Religion
- Affiliation: Hinduism
- District: Idukki
- Deity: Devi
- Festival: Kumbha Bharani Mahotsavam

Location
- Location: Kanchiyar
- State: Kerala
- Country: India
- Interactive map of Nariampara Puthiyakavu Devikshethram
- Coordinates: 9°45′45″N 77°5′47″E﻿ / ﻿9.76250°N 77.09639°E

Architecture
- Type: Traditional Kerala style
- Completed: 1989
- Elevation: 877 m (2,877 ft)

Website

= Nariampara Puthiyakavu Devikshethram =

Nariampara Puthiyakavu Devikshethram is a Hindu temple located in Nariampara near Kattappana in Idukki district of Kerala state, India. The temple is situated on the Kattappana - Kuttikkanam state highway, about 3 km from Kattappana.

==History==
Puthiyakavil Devi Temple is a family temple of Kalloorath family. This temple is co-related to Moothedathu Devi Temple at Vaikom. The story behind the co-relation is that the grandfather of Gowri Kuttapan (eldest member Kalloorath family) was a staunch believer of Moothedathu Devi. He was also the velichappadu of Moothedathu Devi Temple. The following generation did not take the position of Velichapaadu, so after the Grandfather's death, Gowri Kuttapan inherited his sword.

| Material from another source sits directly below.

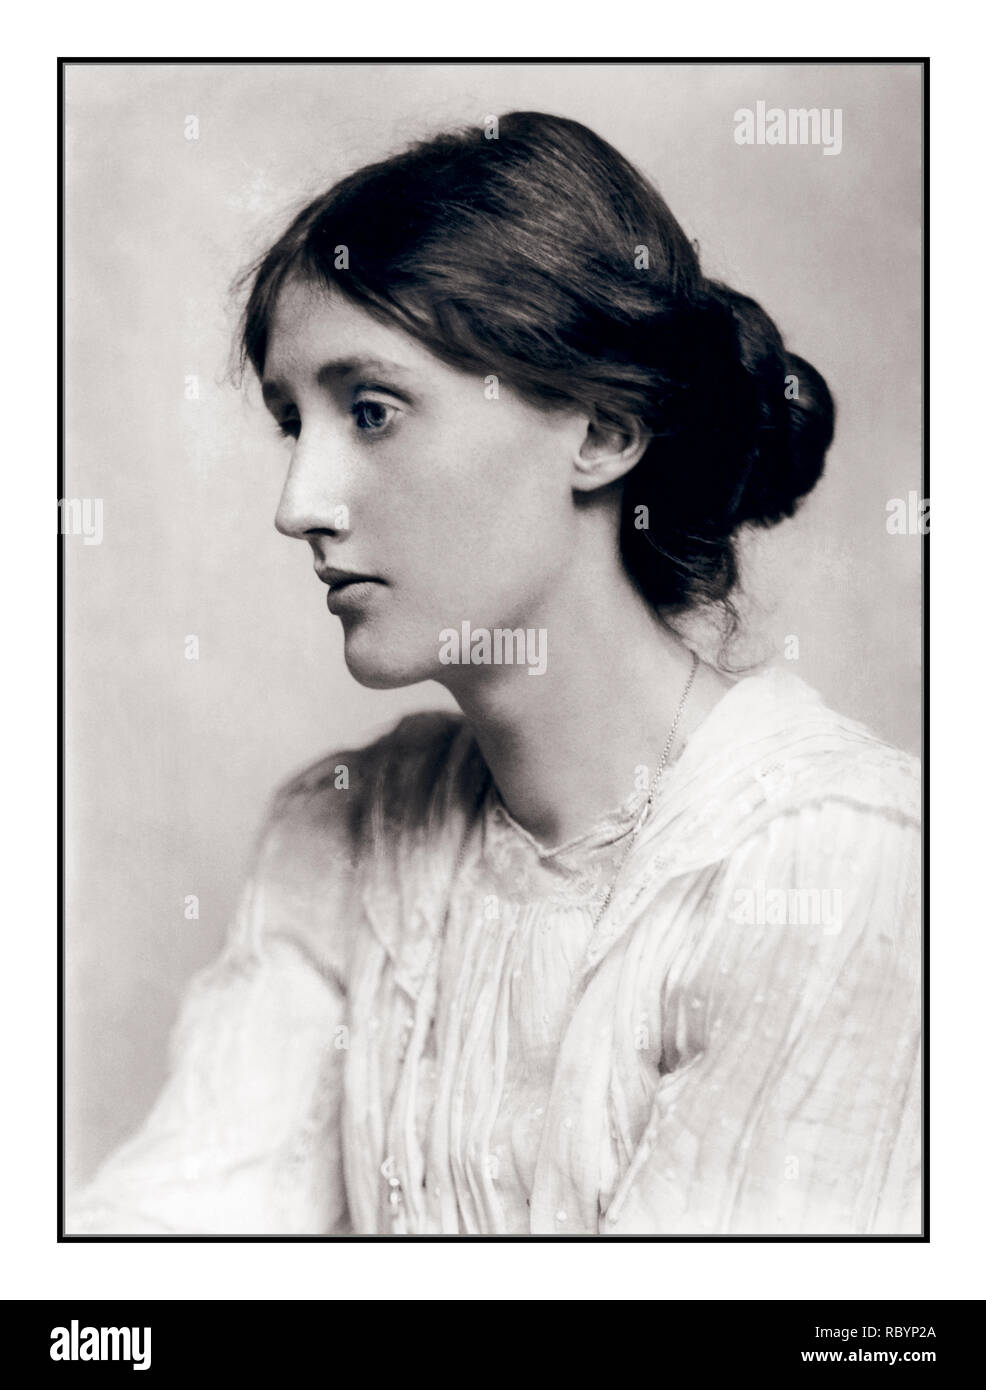 VIRGINIA WOOLF Archive B&W 1900's gemäßigtes, wehmütiges Porträt von Virginia Woolf (25. Januar 1882 – 28. März 1941), einer britischen Autorin und Feministin, mit ihrem Chignon. Stockfoto

After her marriage with Kuttapan, Gowri settled at Kattappana. During this period Gowri Kuttapan used to light a lamp to venerate the Sword. They faced problems such as disease and poverty. Late Kuttapan conducted a Devaprasanam (astrological verification). In Devaprasanam the presence of Devi was visualised, and Devi needed shelter outside the house. So in the early 20th century, Late Kuttapan built a small building, but wished to build a proper temple.

In 1989, the Kalloorath family, headed by K.K. Thankapan, built a new temple. Family members involved the public in administering the temple, selecting 51 neighbours as the governing body.

==Festivals==
Kumbha Bharani Mahotsavam hosted during February and March is the most noted festival of the temple.